Goal of the exercise —
The material below should be copied line for line, please, with pictures omitted.

Given information —
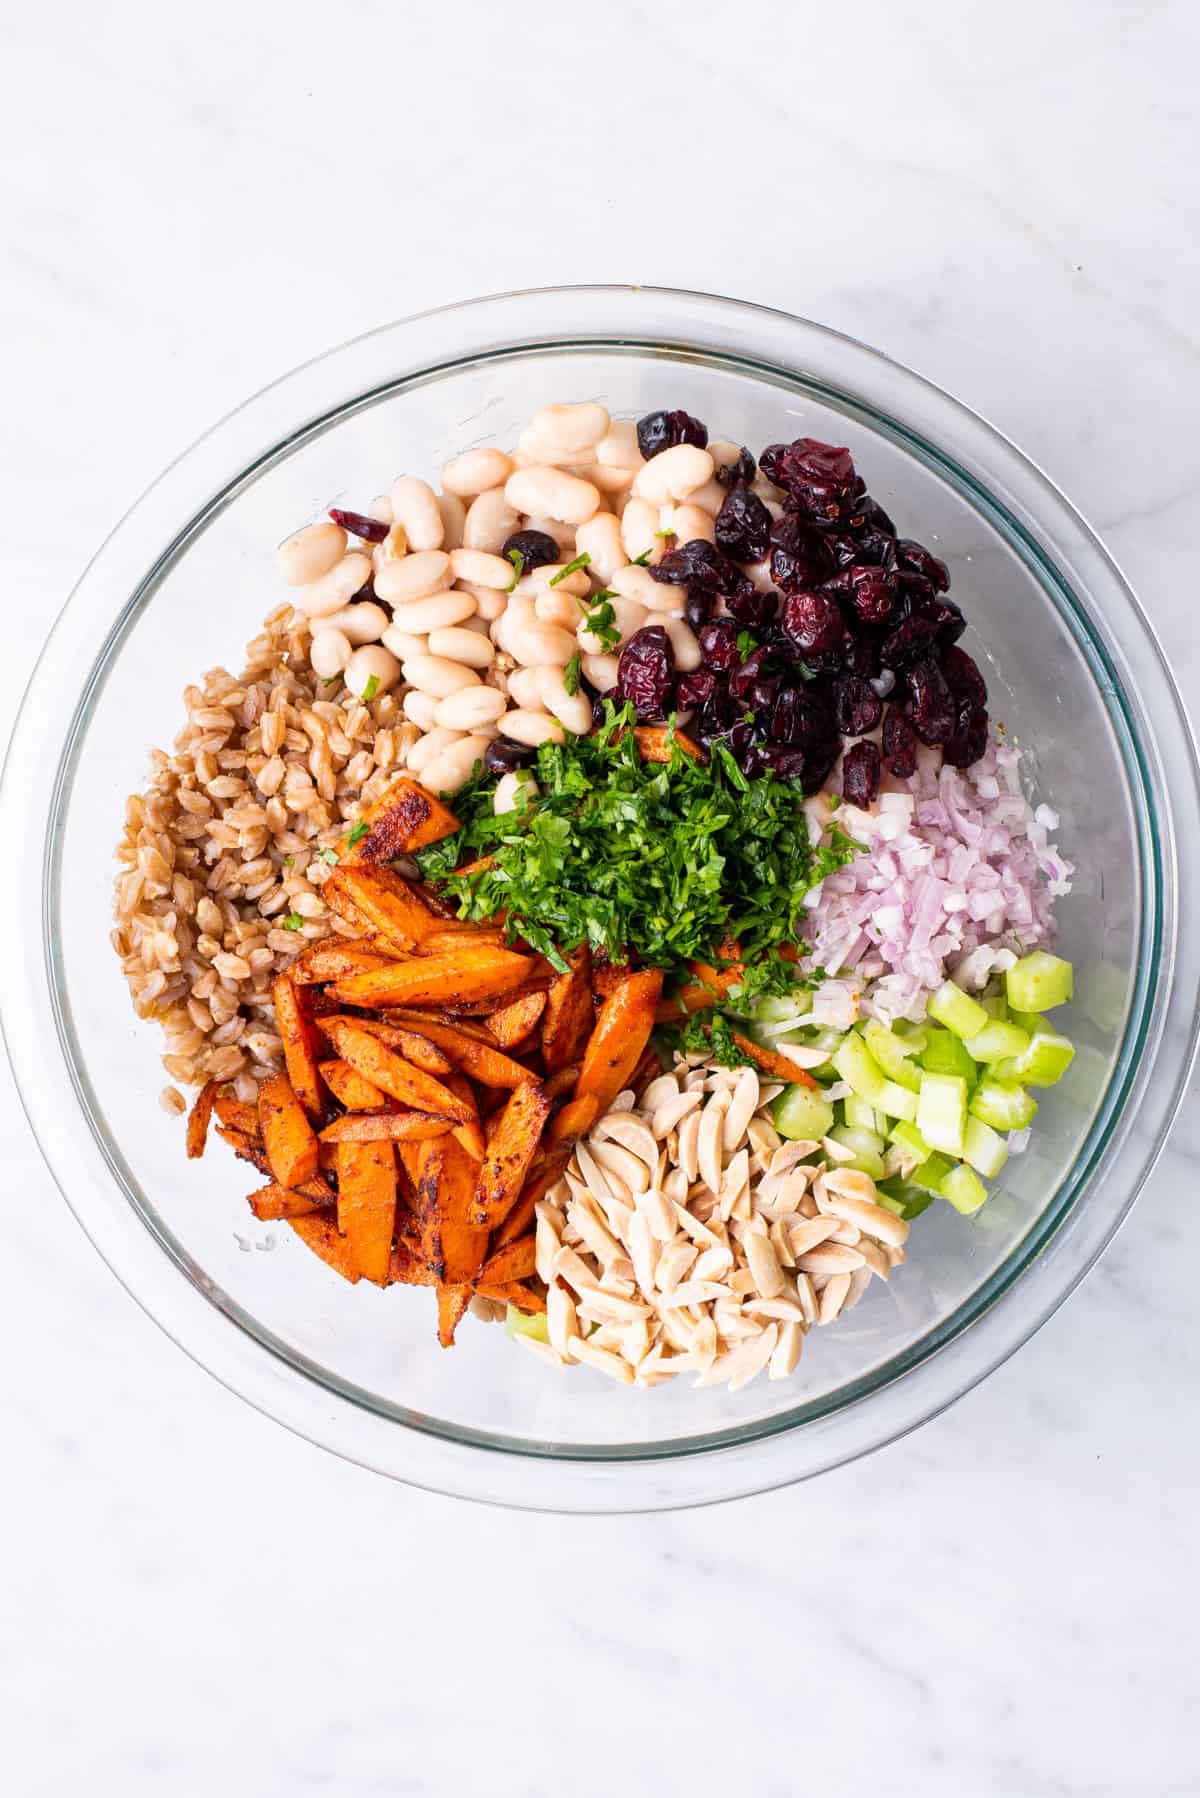 Farro, sauteed carrots, white beans, dried cranberries, celery, shallot, and parsley in a glass bowl.
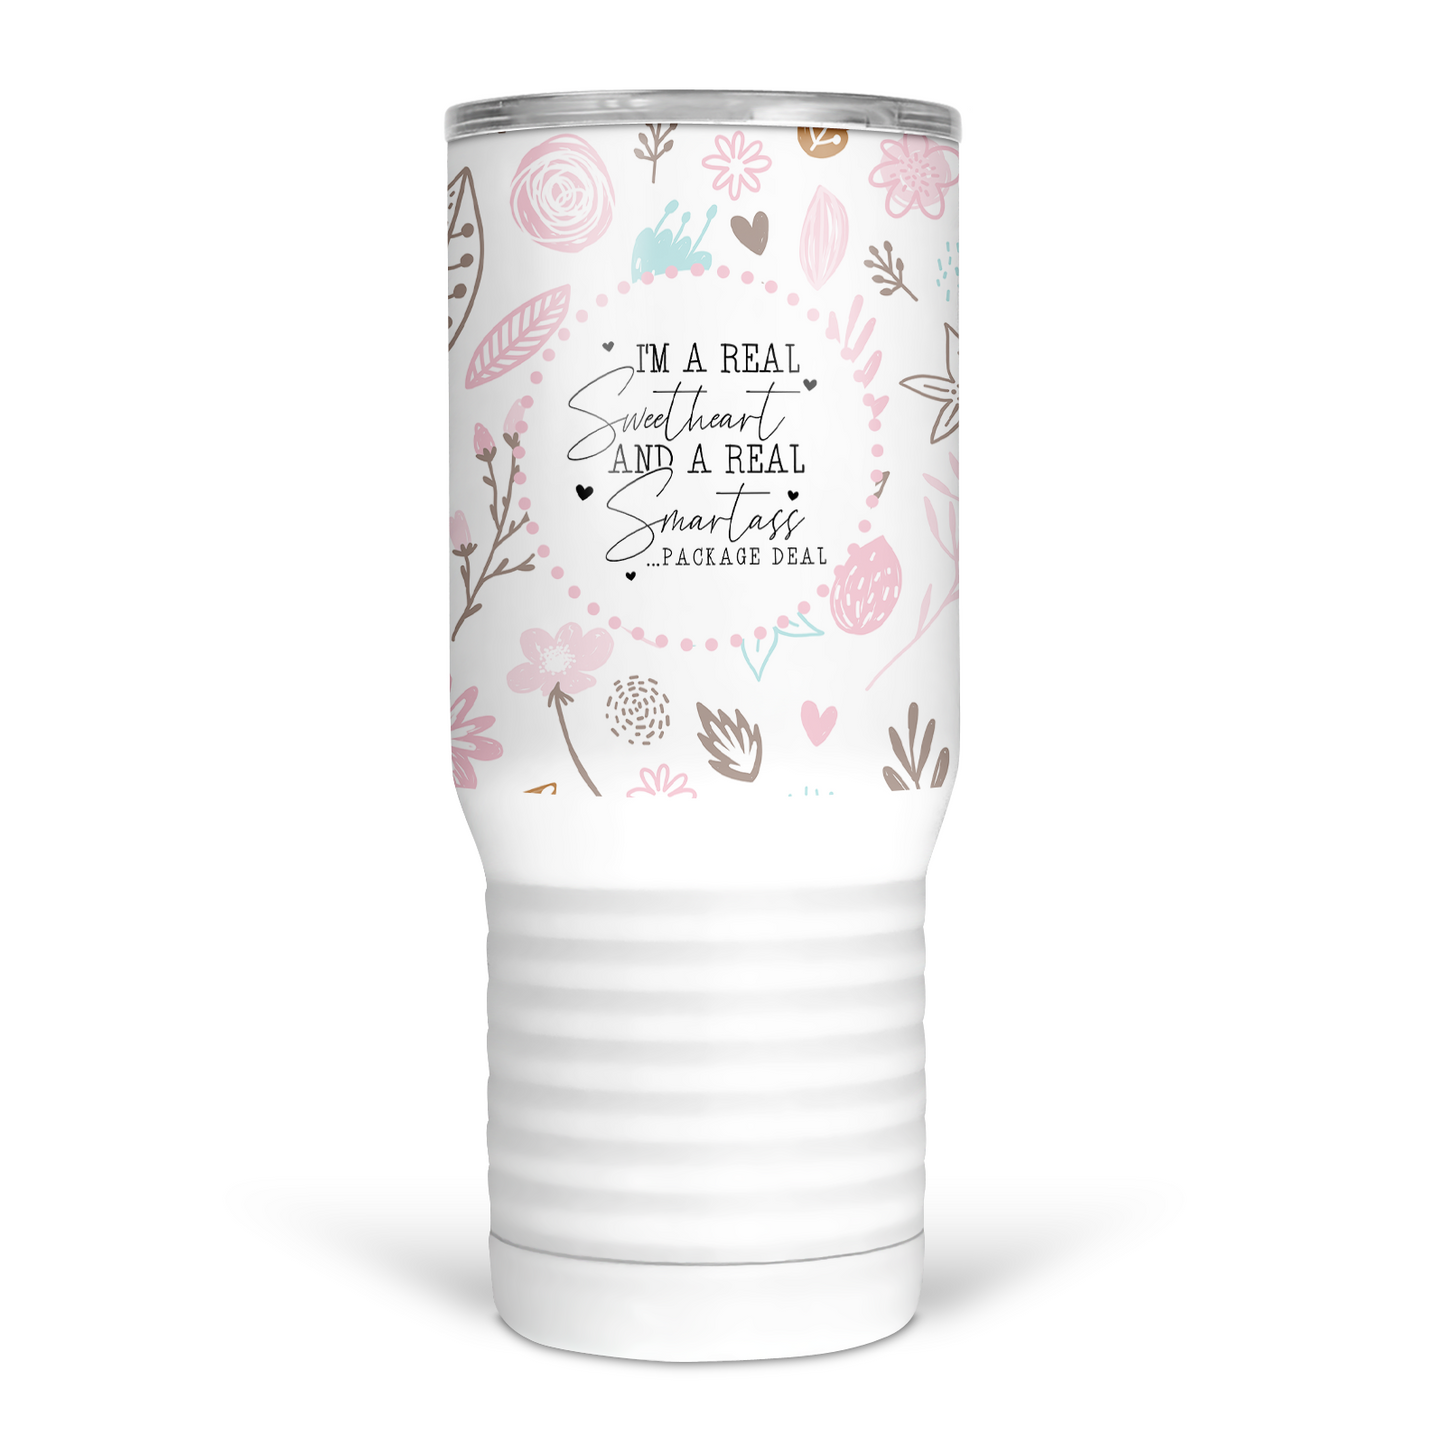 I'm A Real Sweetheart and A Real Smartass Package Deal 20 Oz Travel Tumbler
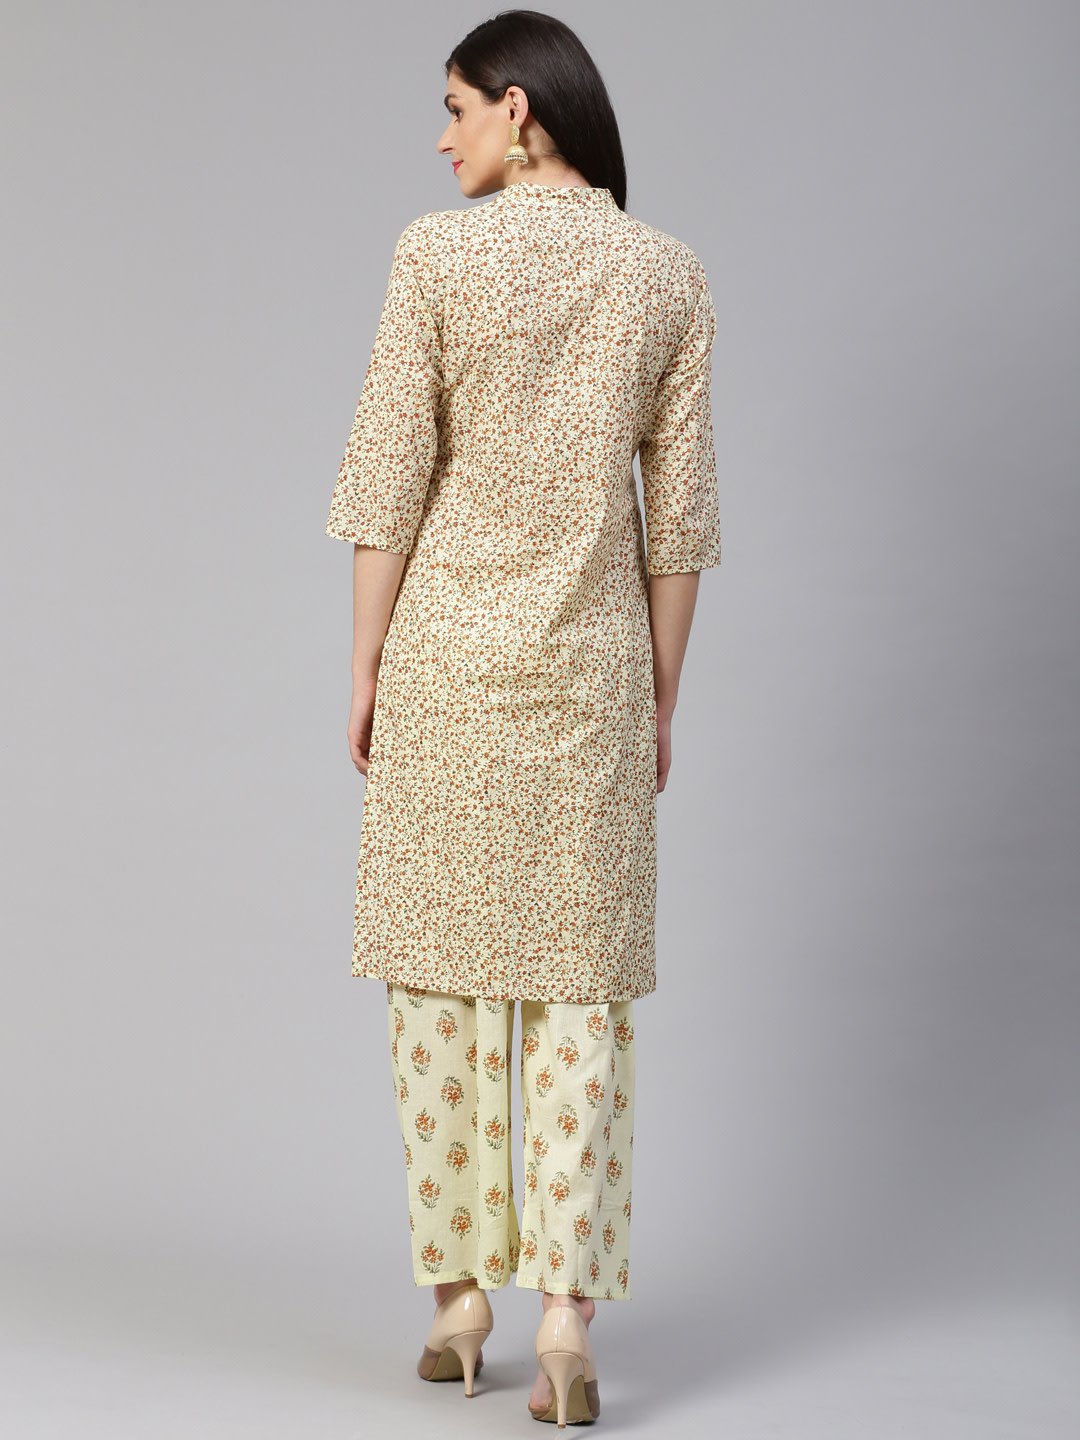 Women's Yellow Floral Printed Kurta with Palazzos - Jompers

Task result —
 Farro, sauteed carrots, white beans, dried cranberries, celery, shallot, and parsley in a glass bowl.
 I'm A Real Sweetheart and A Real Smartass Package Deal 20 Oz Travel Tumbler
 Women's Yellow Floral Printed Kurta with Palazzos - Jompers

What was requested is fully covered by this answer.